Киричук поддержал Проскуру и добавил:
– Но если поймете, что есть смысл и польза отпустить связного до следующей встречи, не задерживайте. Женщину эту, Кулю, продолжайте понемногу приручать, боже упаси вашу расшифровку, пока в игре надобность преогромная.
– Какой разговор!.. – тряхнул головой Проскура.
– А вы с ней потихоньку беседуйте, завтра на день останьтесь, если надо, не спешите. Донесение для нас заложите в тайник… Мне хочется сказать еще вот что. Не обольщайтесь первоначальной удачей.
– Рыбку надо еще вытащить из пруда, – успел вставить Чурин.
– Правильно… – поддержал Киричук. – Сама судьба предоставила нам, считаю, удачный вариант в игре с Угаром. Над этим мы сейчас с майором Весником работаем. О Сове Проскура уже подсунул им ложную информацию, клюнуть должны. Интуиция подсказывает мне – в точку мы целим. А это – знаете ли!.. Но я вовсе не хочу сказать, что мы должны упускать бандитов в надежде на лучшие варианты. Понятно, думаю?.. Удачи вам, Проскура! – И сразу к Чурину: – Вернемся ради одной детали к Шпигарю: о бункере. Тут надо подумать. Не стал я задерживать Проскуру этим разговором.
– У нас с вами уже выработалась одинаковая реакция, – заметил Чурин. – Когда вторично Шпигарь упомянул бункер, я понял, что он это делает не зря.
– Вот-вот, первый раз он тонко намекнул об этом, мы не среагировали на приманку. А второй-то, второй раз как выпукло преподнес: «Говорю, в бункер еще надо было…» Дескать, что вы, глухие, я вам такое говорю!
– И правильно сделали, что не обратили внимание. Он еще раз напомнит, – решил Чурин.
– Не напомнит, сами спросим. Уж не надеется ли он сбежать, когда поедет показывать укрытие? Пожалуй, рассчитывает.
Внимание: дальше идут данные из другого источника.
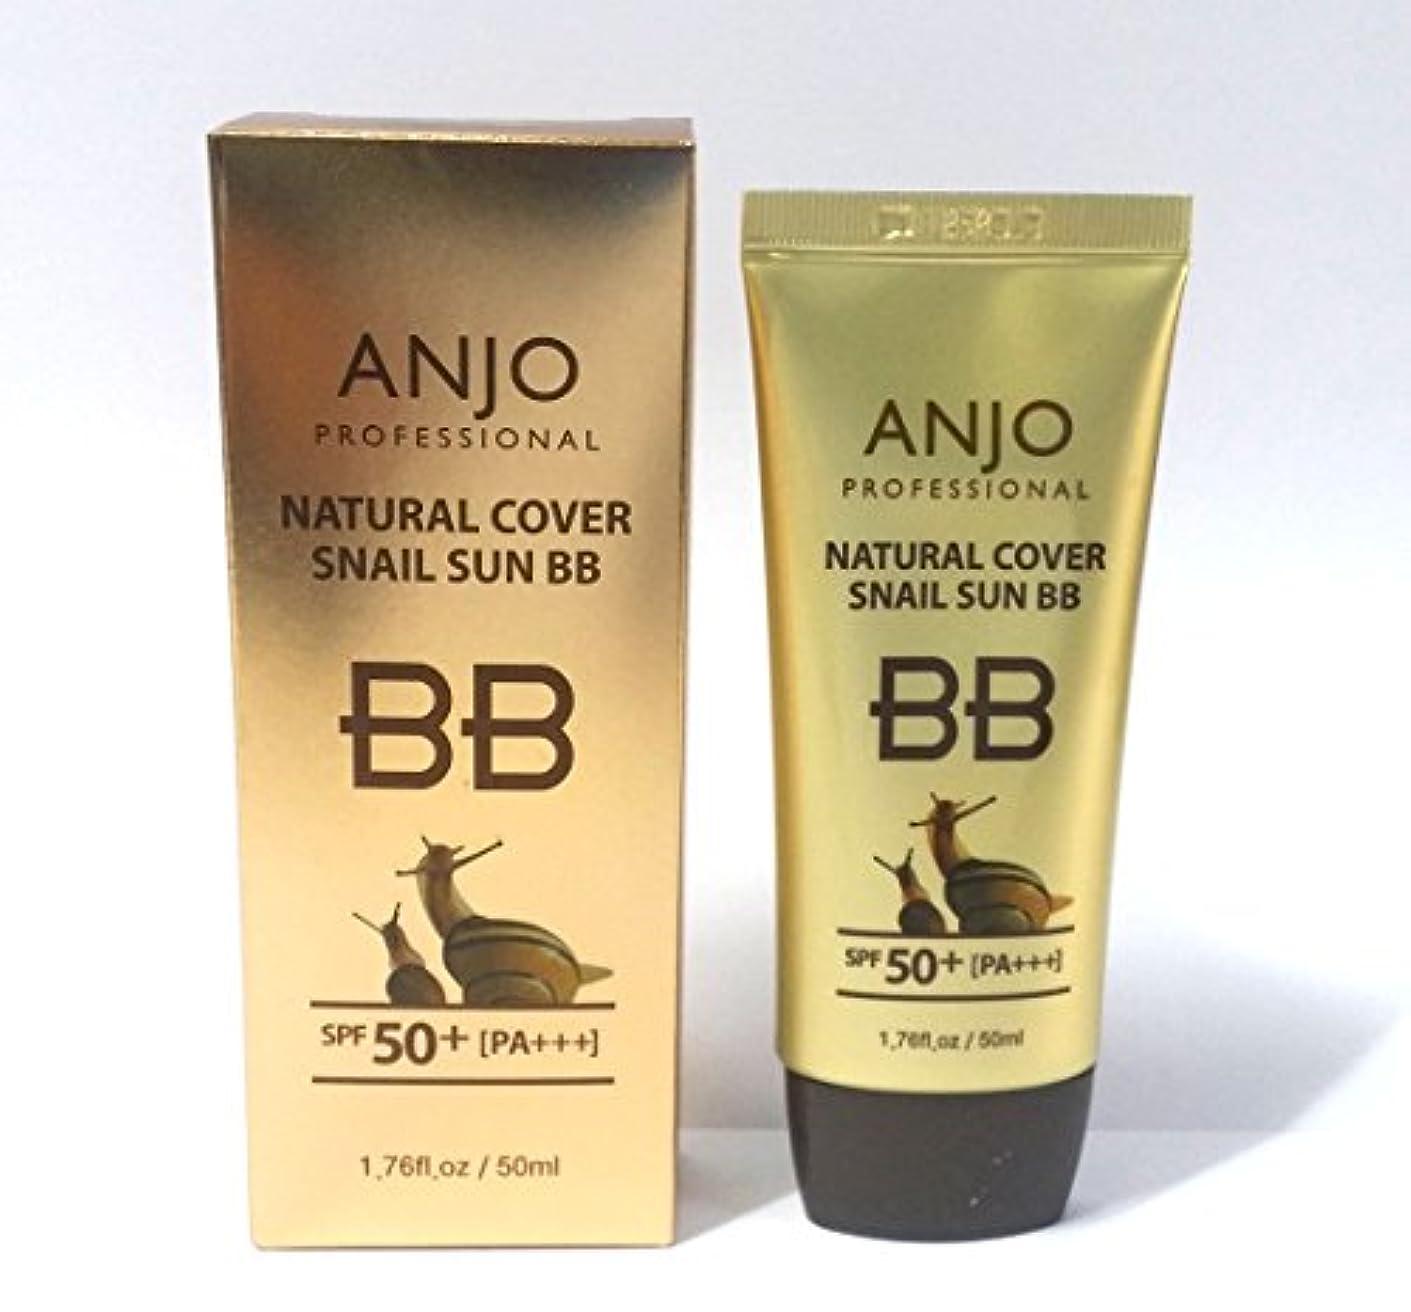 ラジエーターキネマティクスシャープ[ANJO] ナチュラルカバーカタツムリサンBBクリームSPF 50 + PA +++ 50ml X 3EA /メイクアップベース/カタツムリ粘液 / Natural Cover Snail Sun BB Cream SPF...

– Пусть мечтает, так легче жить. Нет жизнелюбия без мечты. И в этом для нас есть польза.
– Есть! – согласно кивнул Киричук, придвинув к себе чистый лист бумаги. – Так с чего же начнем наше послание Угару?
Глава 18
Давно уж Зубр перестал бахвалиться тем, что он лишен чувства страха и в этом его сила, живучесть, потому как с испугу человек чаще творит глупости. Он достиг желаемого, о нем стали говорить так, как ему нравилось. Но смелости у него от этого не прибавилось, даже наоборот, с каждым днем он все острее чувствовал, как страх подтачивает его силы. И то, что его обыскали самоуверенные подручные Рыси, пуще прежнего разожгло в нем подозрительную мнительность, боязнь. Зубру даже показалось, что его арестовали и не связали только потому, что он своим ходом доберется до явки быстрее и без лишних хлопот.
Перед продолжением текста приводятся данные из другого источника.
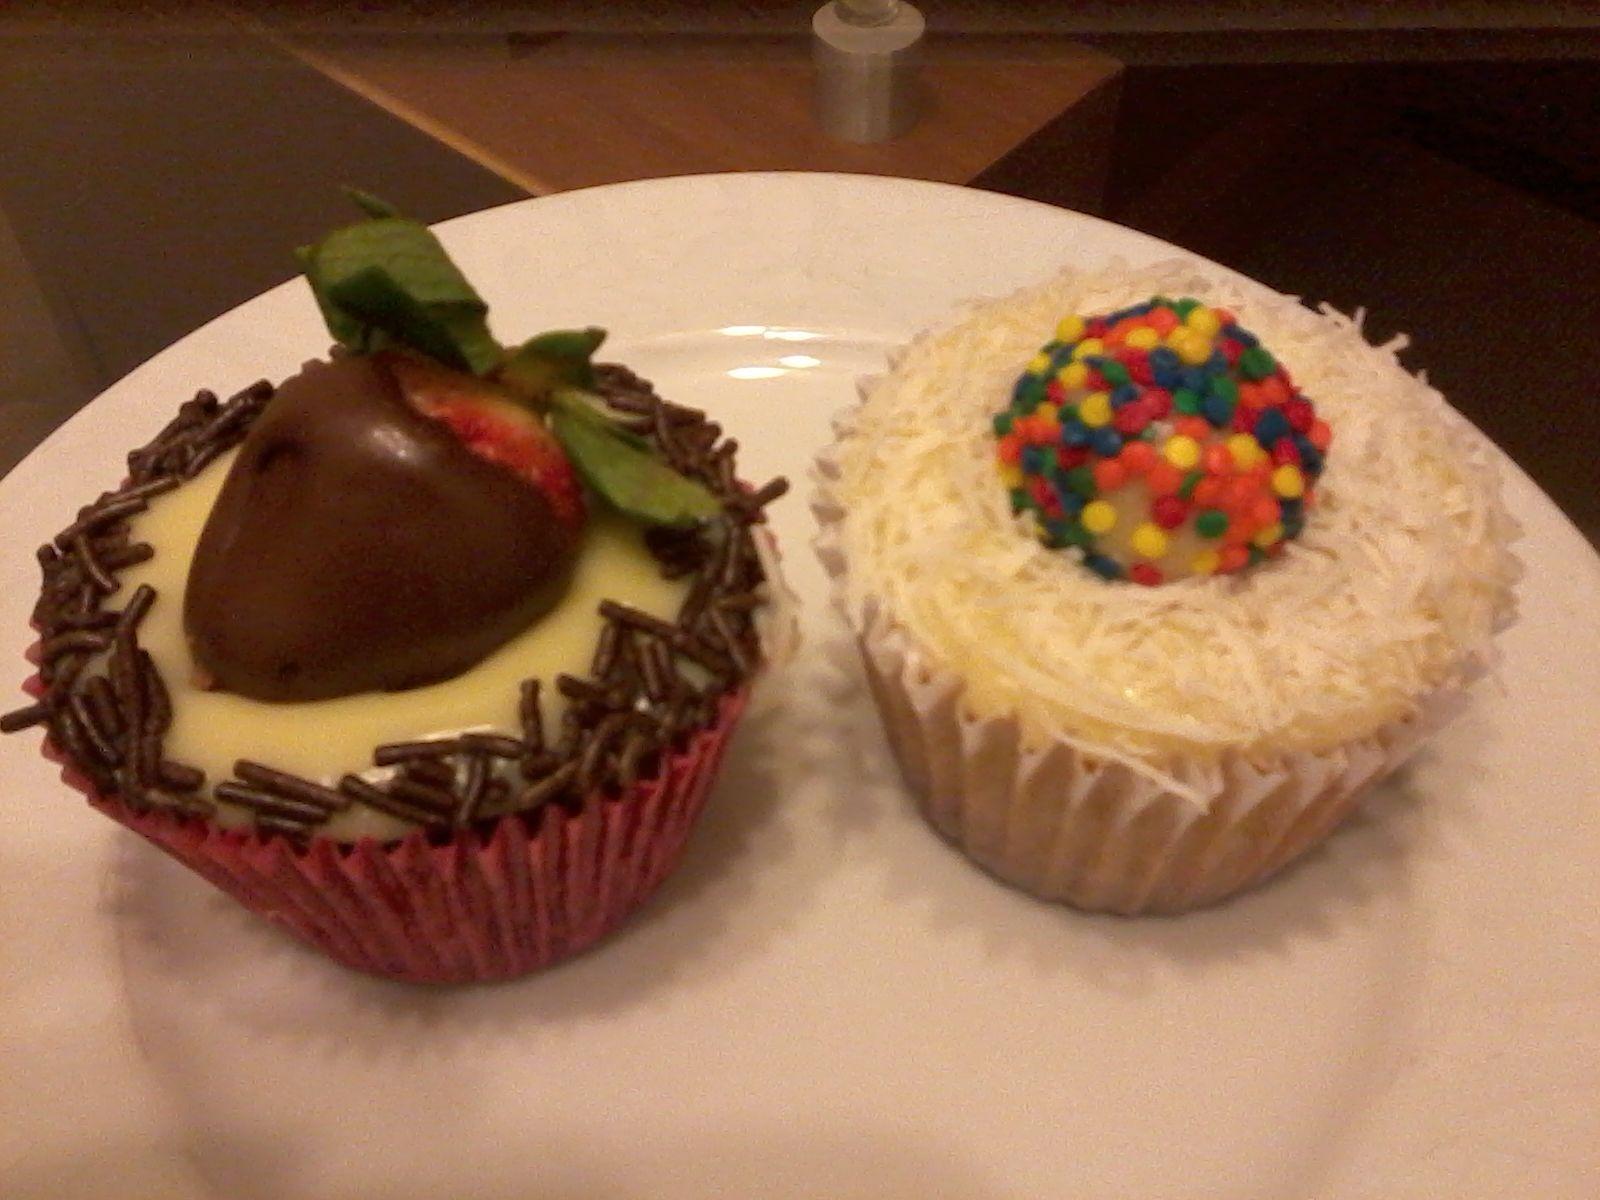 Meu cupcake

Он шел лесом в сопровождении двоих здоровенных детин, тревожно соображая, за что к нему проявлена этакая обидная бесцеремонность. А стоило ему вспомнить свой пистолет, отобранный доверенными людьми краевого эсбиста, как у него сразу начинали трястись поджилки и ему становилось душно.
Зубр скоро измотался от быстрой ходьбы и переживаний – что за каверзный подвох такой! – благо на рассвете вышли к лесной сторожке, где расположились передневать. Так подумал Зубр, развалясь на стылой поутру земле. Но он не успел поблаженствовать в чистейшей лесной свежести и покое, как увидел в подходящем к нему человеке Рысь. Зубр сразу узнал его по холеной роже и жгуче-черным, будто намасленным, волосам. А еще по выглядывающей из-под пиджака расписной украинской рубахе, оказавшейся, как всегда, на удивление свежей. Было видно, связная Рыси аккуратнейшая чистюля.
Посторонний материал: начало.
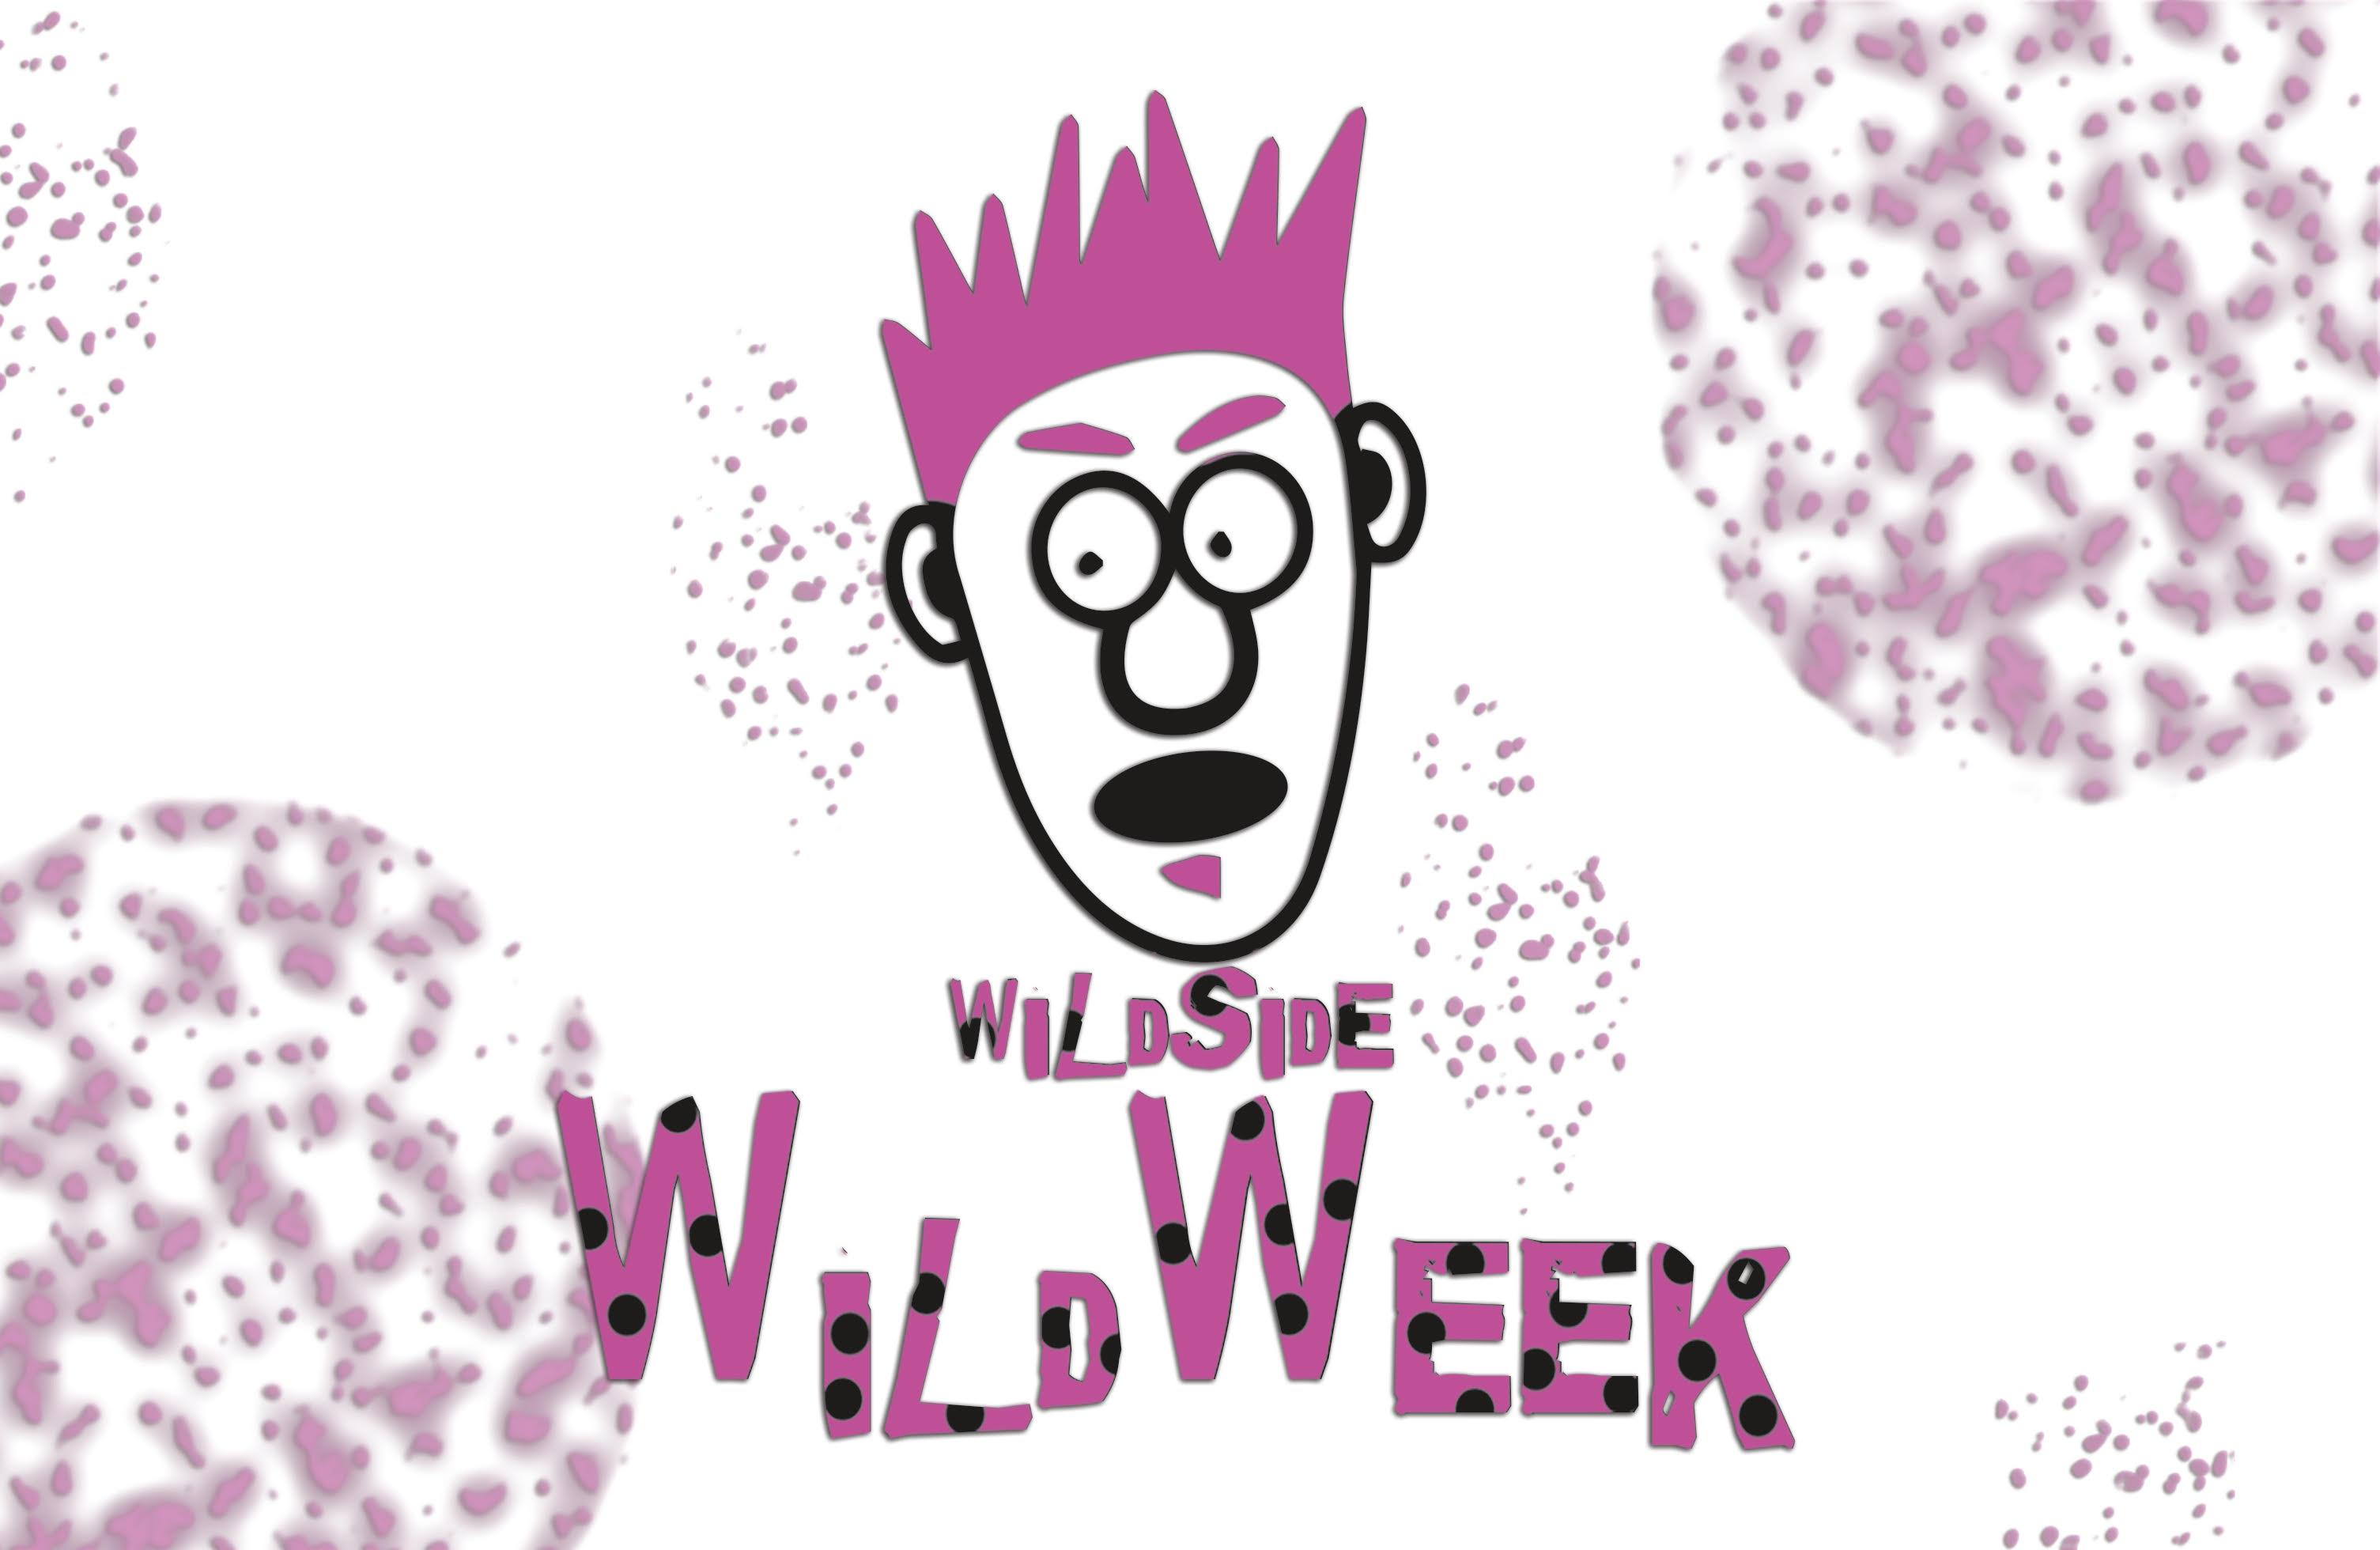 Wild week art

– Здорово, друже! Обижают ваши люди.
– Чем обижают? Кто посмел?
– Пистолет отобрали, доверия лишили. Как под конвоем ведут.
Рысь заулыбался во всю свою гладкую физиономию.
– Оскорбительный стал людям почет… «Эскорт» он называется, жизнь твою берегут, – пояснил он. – А пистолет попросили на сохранность опять же для общего спокойствия, чтобы на каждом шагу тебе не объяснять, где можно стрелять, где нет. Как это говорится, со своим уставом в чужую епархию не ходят.
– Так епархия-то у нас одна, какая еще чужая? – искренне удивился Зубр.
– Одна, кто говорит, что не одна? Это я просто поговорку привел… И ты не обижайся, что таких гарных хлопцев тебе в охрану личности выделил, у них и оружия в достатке, зачем им твой гнусавый пистолетик.
– Я жаловаться буду Хмурому.
– Ты мне пожалься, больше пользы выгадаешь.
– Друже Рысь, в чем дело? Мне будто не доверяют. Куда мы идем?
– А вот это тебе бы и по рангу не поспешить бы спрашивать. Что-то ты наперед забегаешь, подмечаем. Куда торопишься? Кто тебя подгоняет? Вот что сомнительно.
– Во мне сомнение? Тут какая-то ошибка, друже Рысь. Не терзай, ты же мне друг?
– Какой я тебе друг, Зубр? Только и всего-то на одних нарах пару недель провалялись. Друг, когда все без вдруг… По-разному мы с тобой поем, – согнал тот с лица всякий наигрыш.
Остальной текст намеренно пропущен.